To punch through vol to all devices;

1. av1 or av2
2. press and hold MUTE & SELECT for two blinks
3. enter 9 9 3
4. press SELECT


----------



## jadamz (Aug 9, 2007)

How about a Zenith DVD/VCR combo with built in surround sound? Codes on screen don't work and if I could get AV1 or AV2 to control just the volume on the unit I'd be happy. Same as above...?



> 1. av1 or av2
> 2. press and hold MUTE & SELECT for two blinks
> 3. enter 9 9 1, wait for two blinks
> 4. enter 2
> ...


----------



## Edmund (Apr 17, 2003)

All I can suggest is to upgrade to the rc64 from directv.com. Then try dvd, vcr, and aud codes. 

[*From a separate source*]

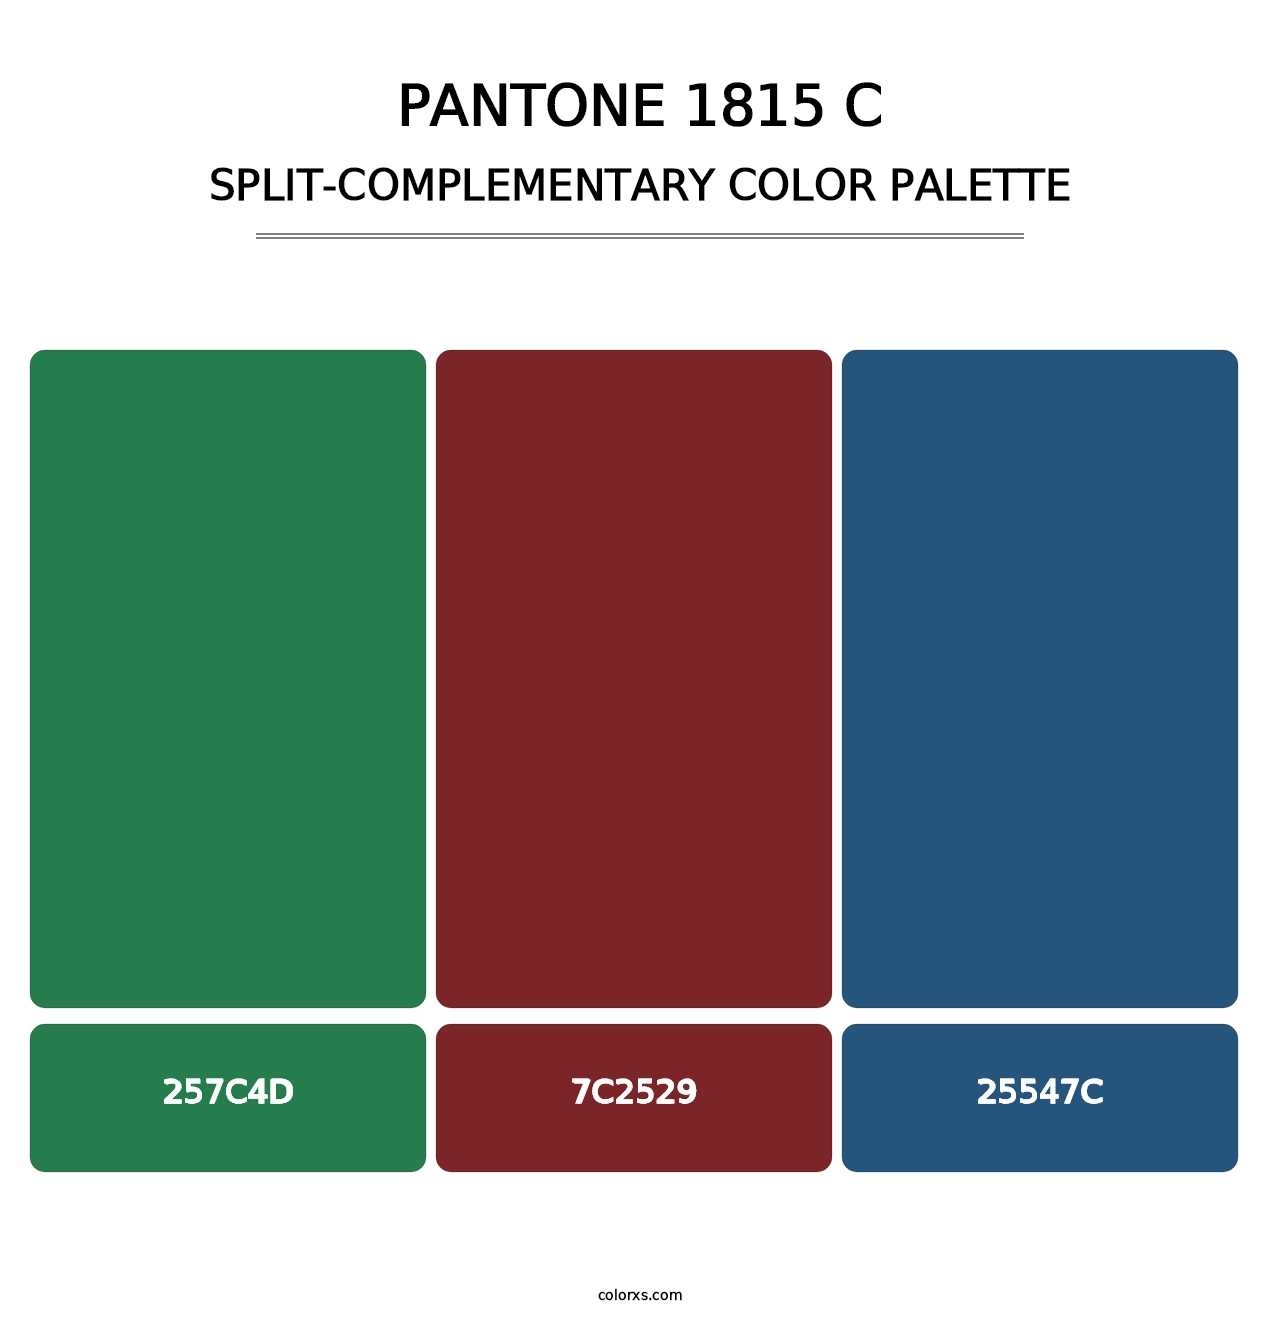 PANTONE 1815 C - Split-Complementary Color Palette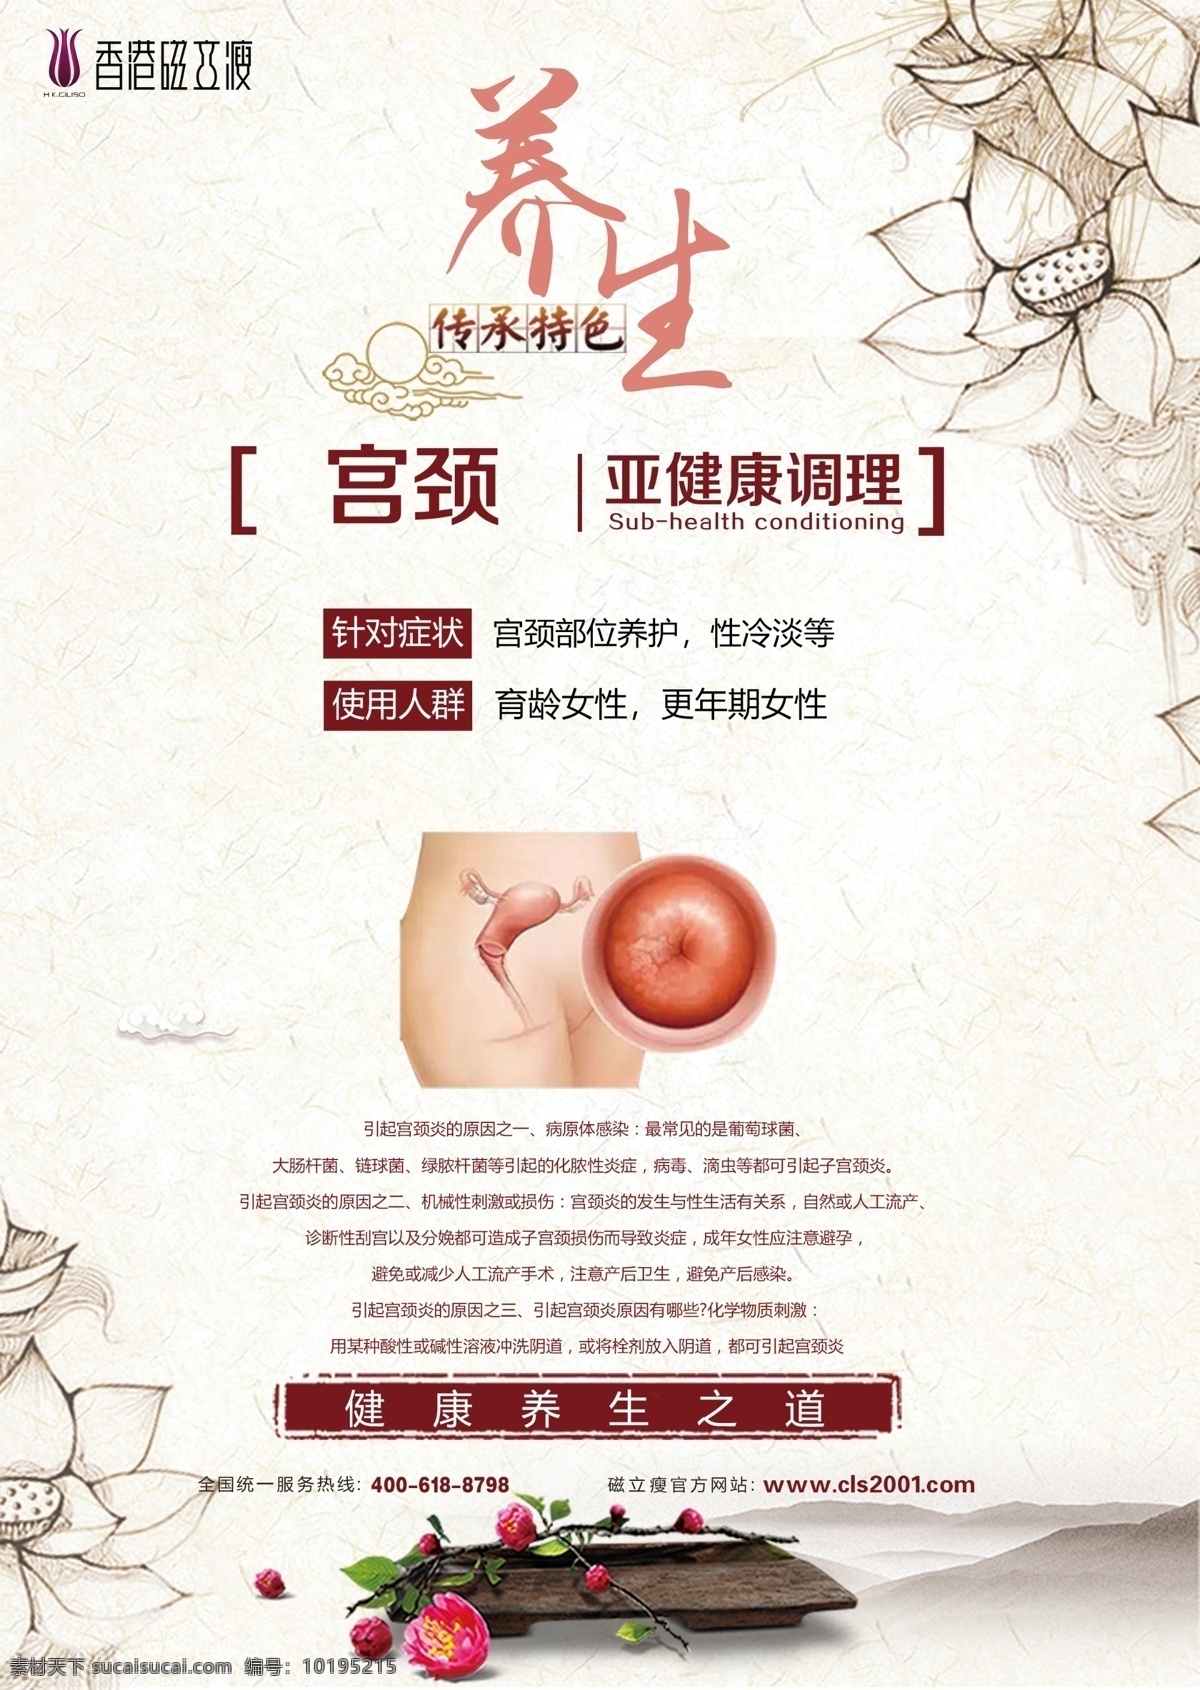 香港磁力瘦 宫颈养生 磁力瘦 宫颈 养生 女性 妇科 健康 妇女 传统 调理 广告 宣传画 宣传单 广告类型

To get the volume from av1 or av2 device, first there has to be a tv code programmed to the tv device or the volume keys won't work, then do one of the following:

1. av1 or av2
2. press and hold MUTE & SELECT for two blinks
3. enter 9 9 3
4. press VOL UP , know the volume only works in the av1 or av2 device, if you wish the volume in devices:

1. av1 or av2
2. press and hold MUTE & SELECT for two blinks
3. enter 9 9 3
4. press SELECT


----------